» **Data records**
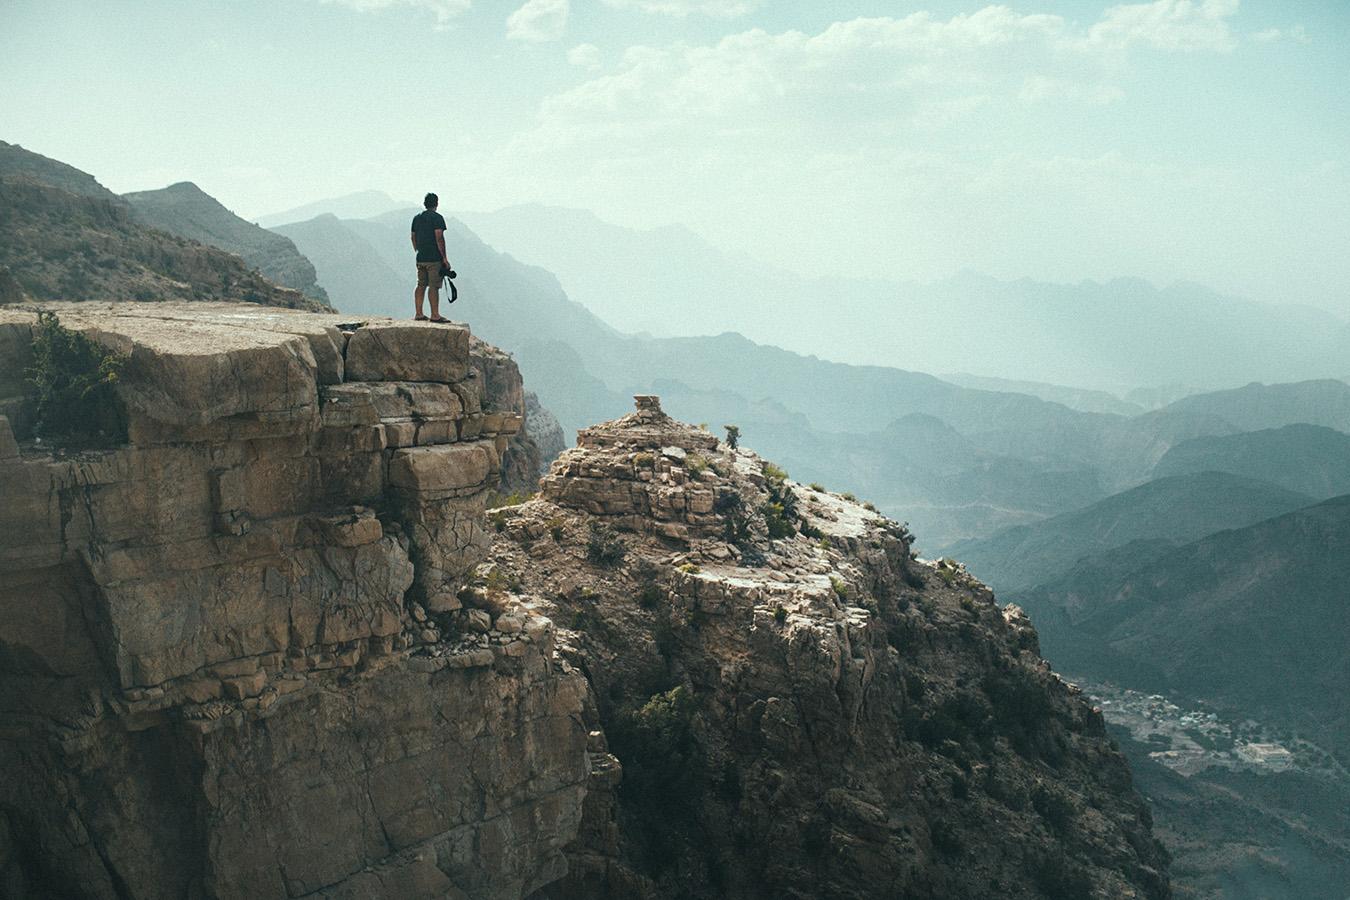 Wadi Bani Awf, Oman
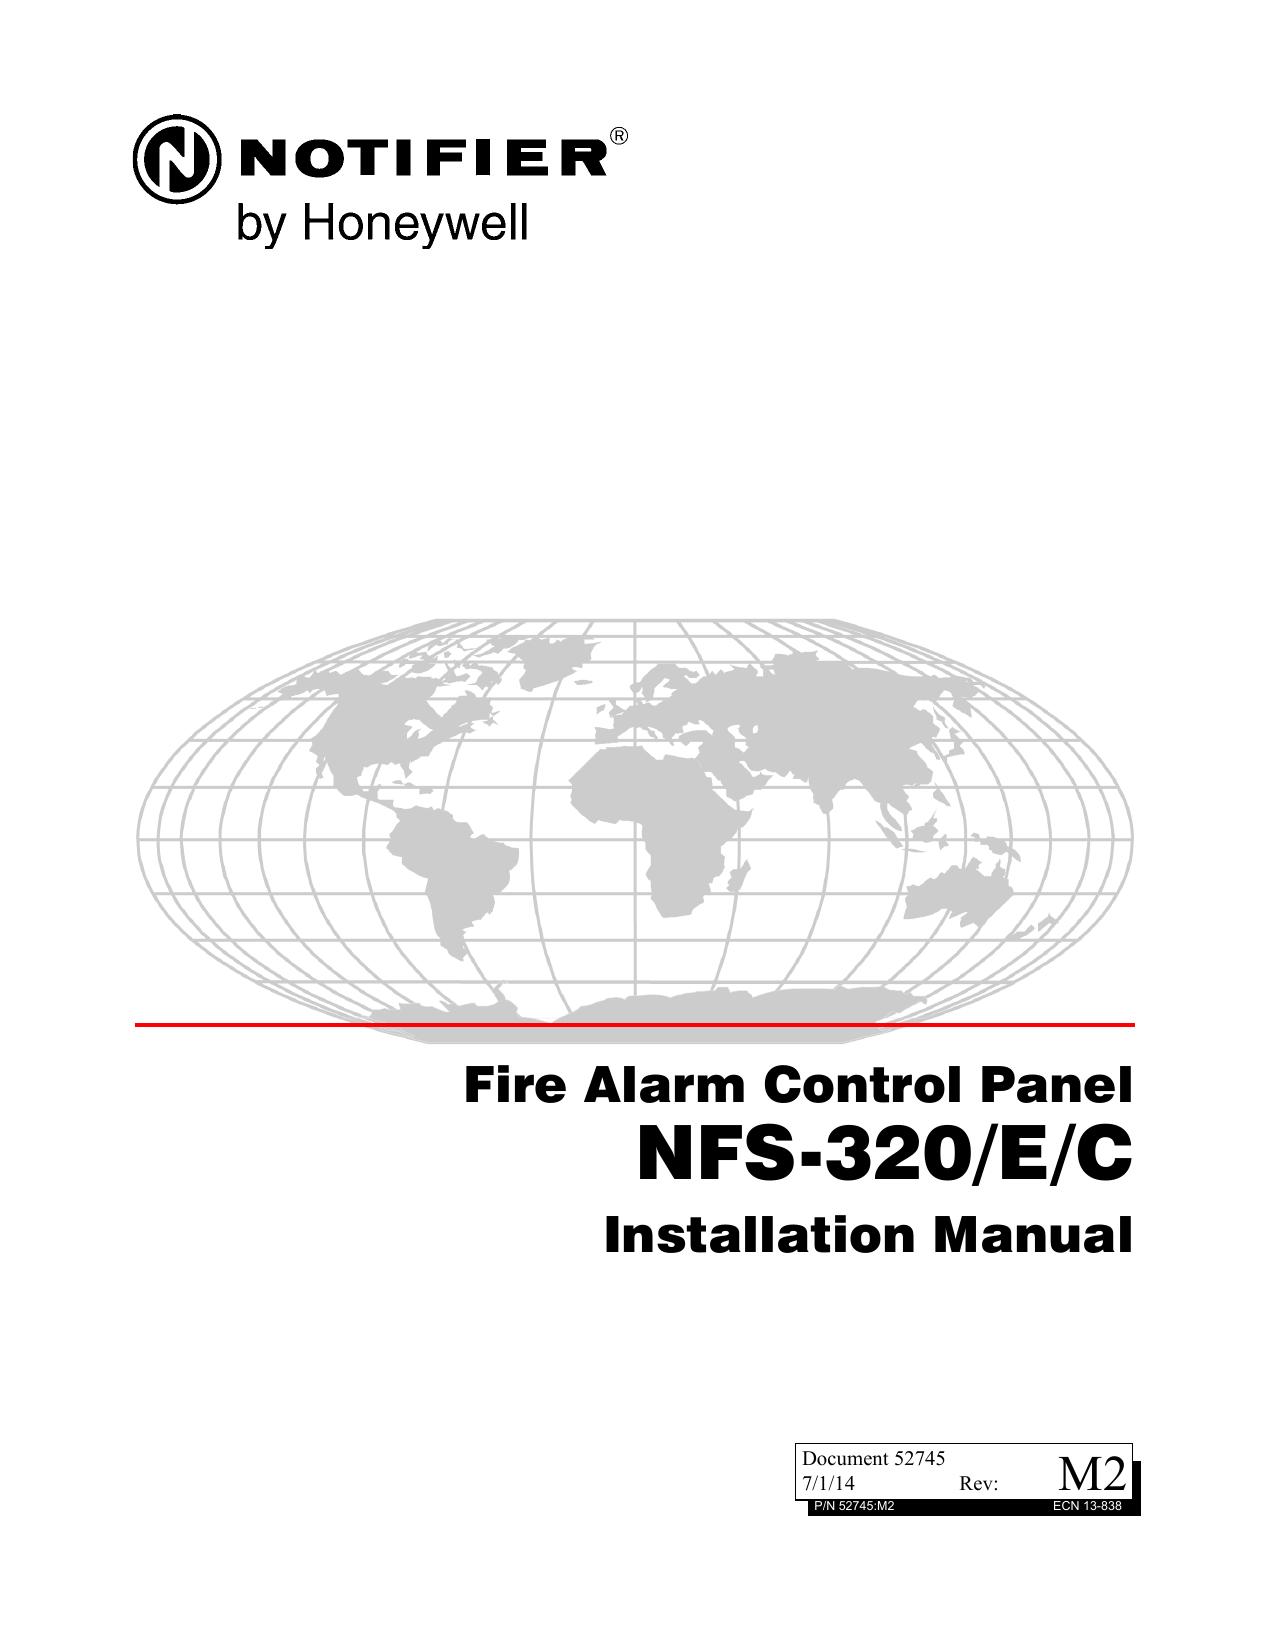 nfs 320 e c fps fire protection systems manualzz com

--

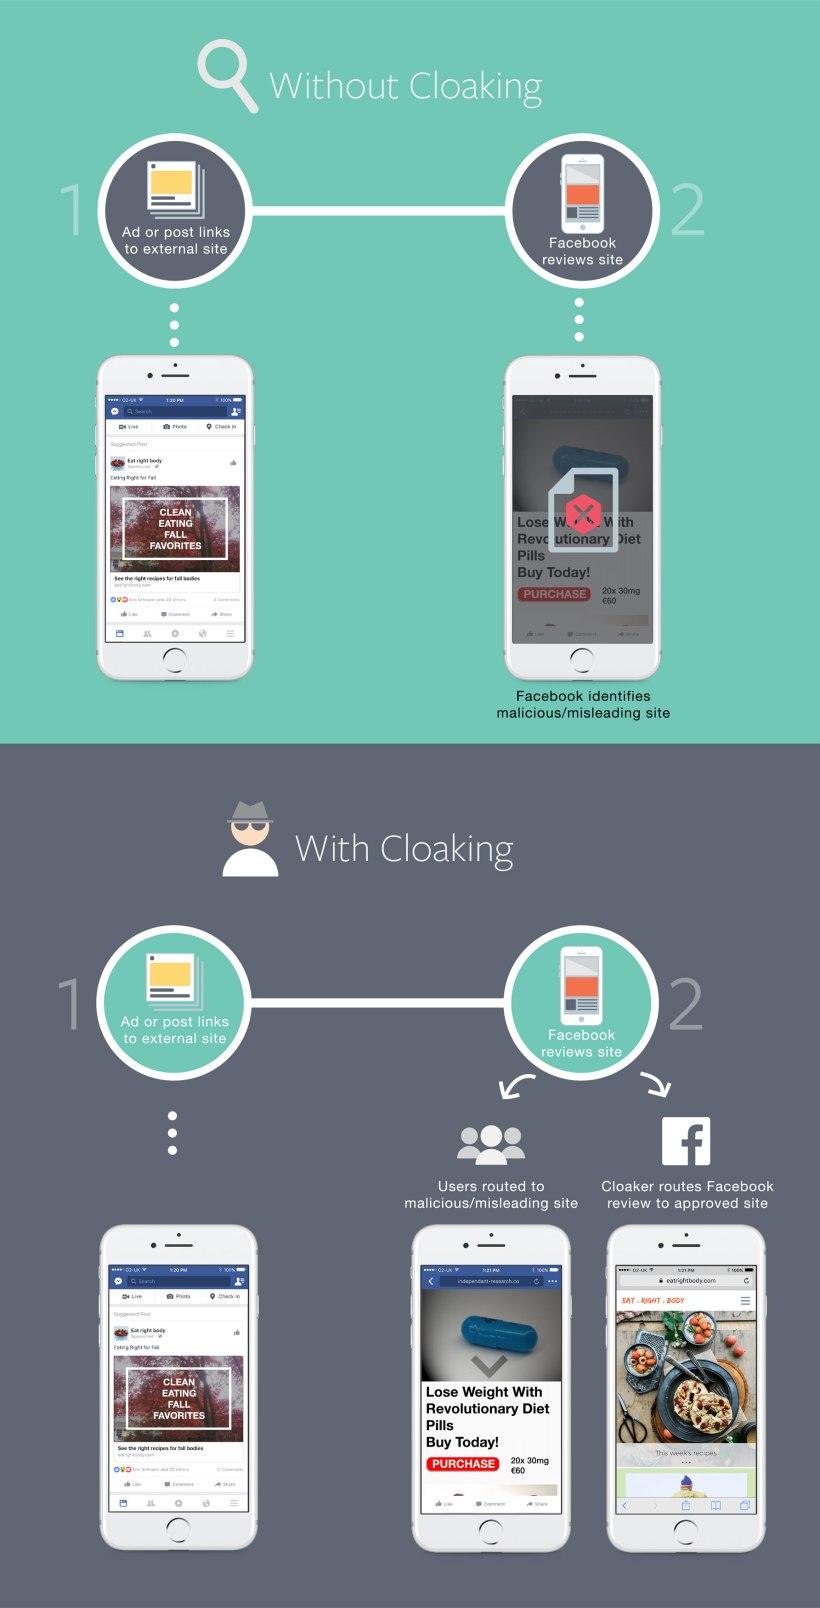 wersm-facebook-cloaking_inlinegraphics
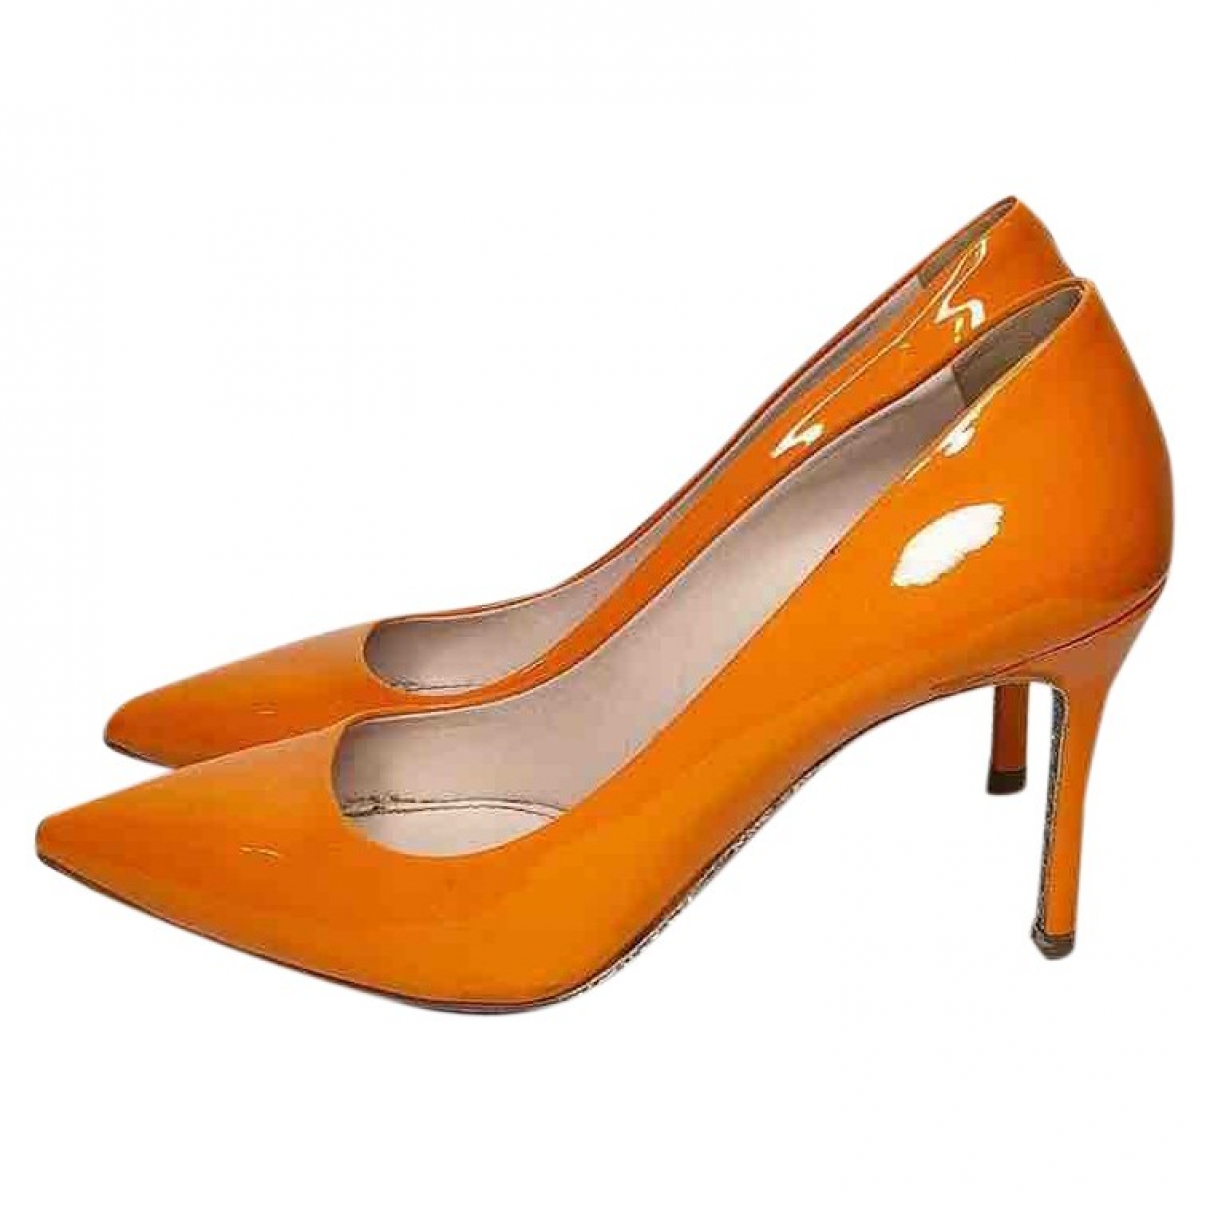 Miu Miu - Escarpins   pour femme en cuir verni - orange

---

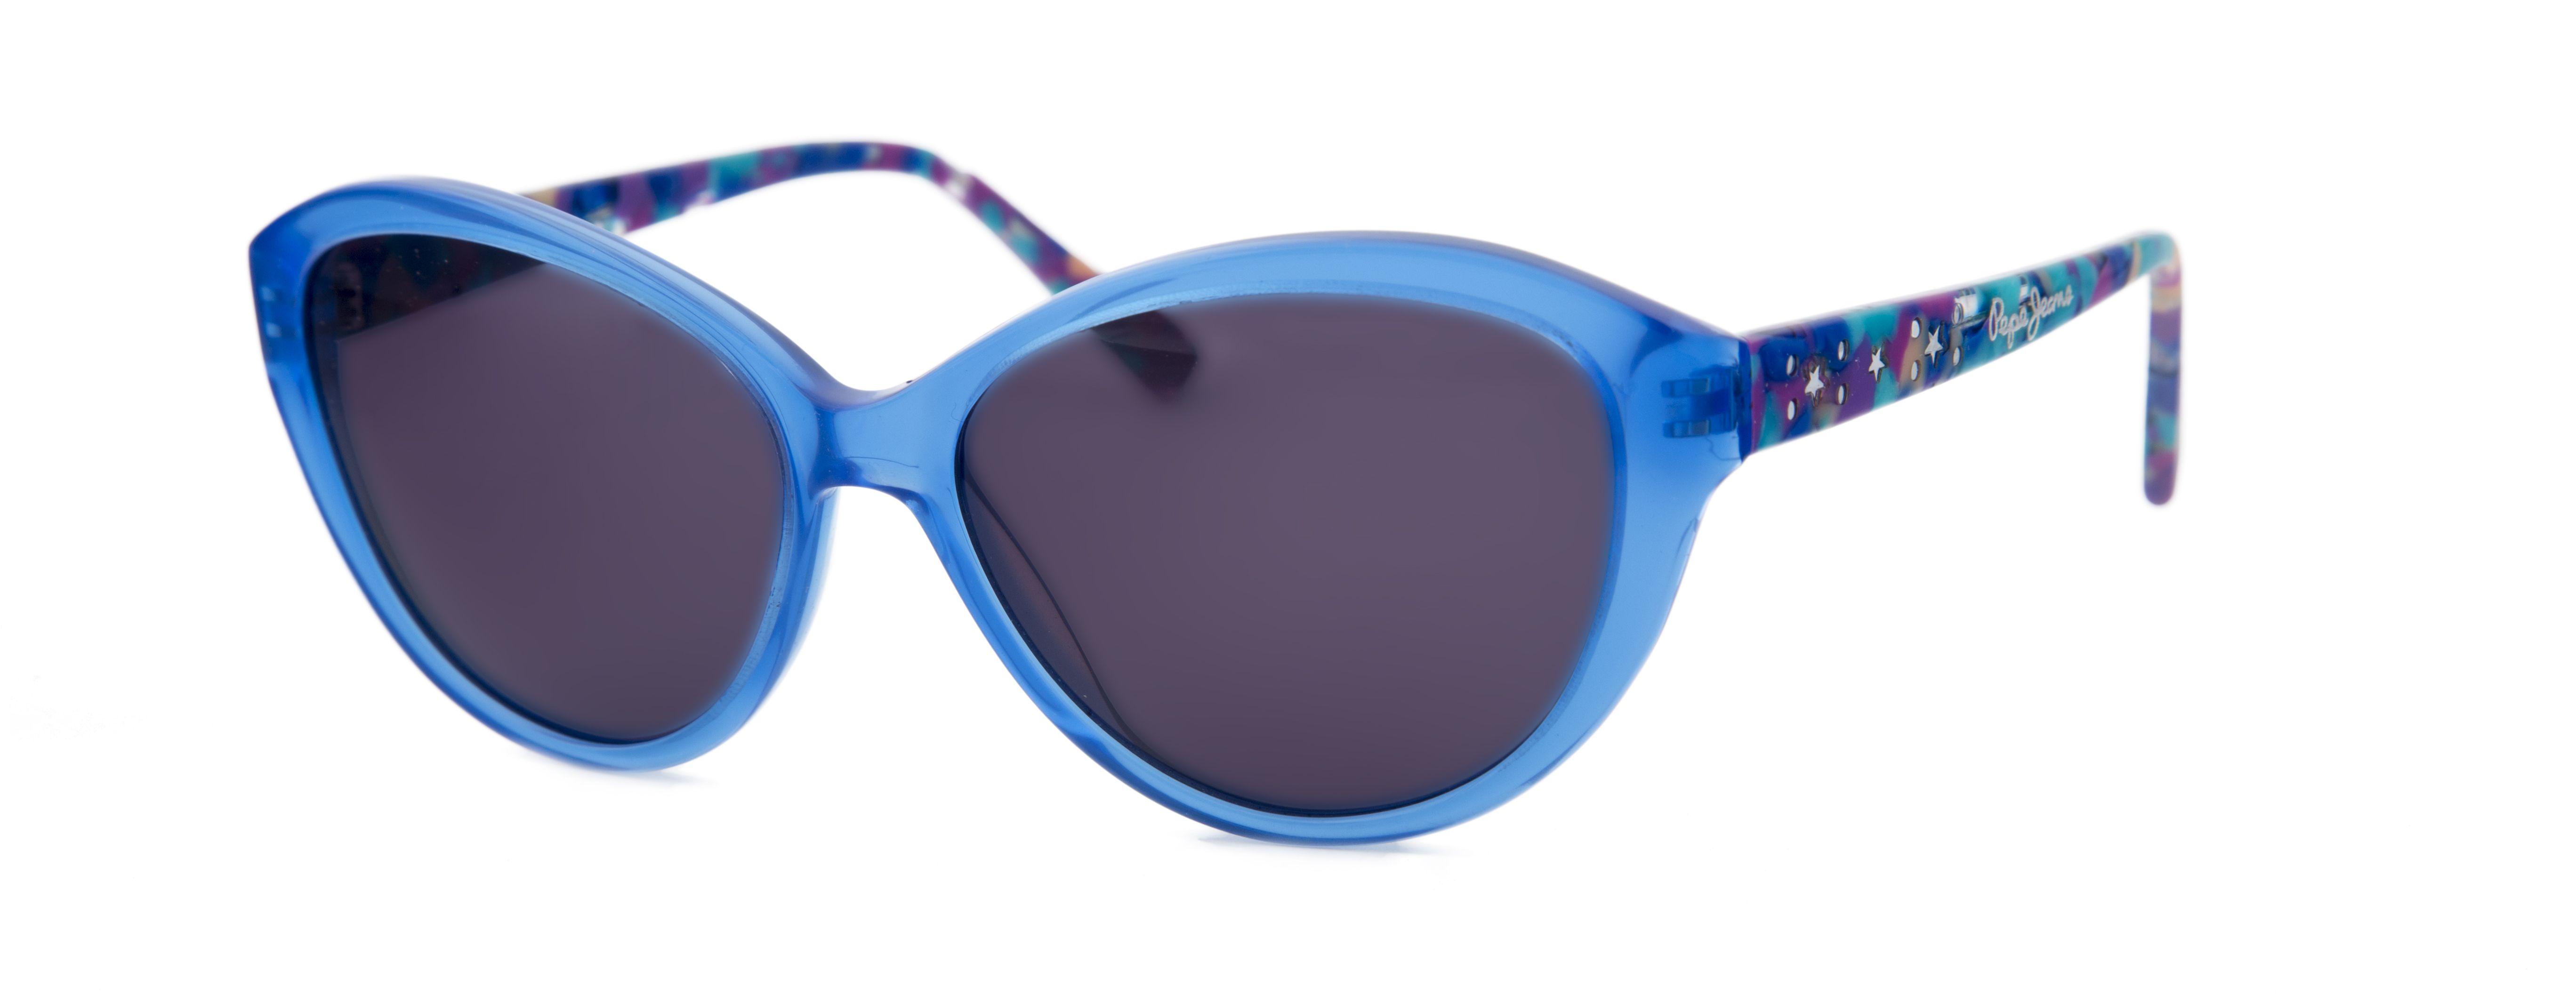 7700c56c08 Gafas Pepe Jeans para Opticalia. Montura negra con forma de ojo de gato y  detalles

» **What is expected**
Word for word, retype the lines in the entries above that run from the one with "Wadi Bani Awf, Oman" through the one with "nfs 320 e c". Both ends count; pictures do not.

» **Exercise result**
 Wadi Bani Awf, Oman
 nfs 320 e c fps fire protection systems manualzz com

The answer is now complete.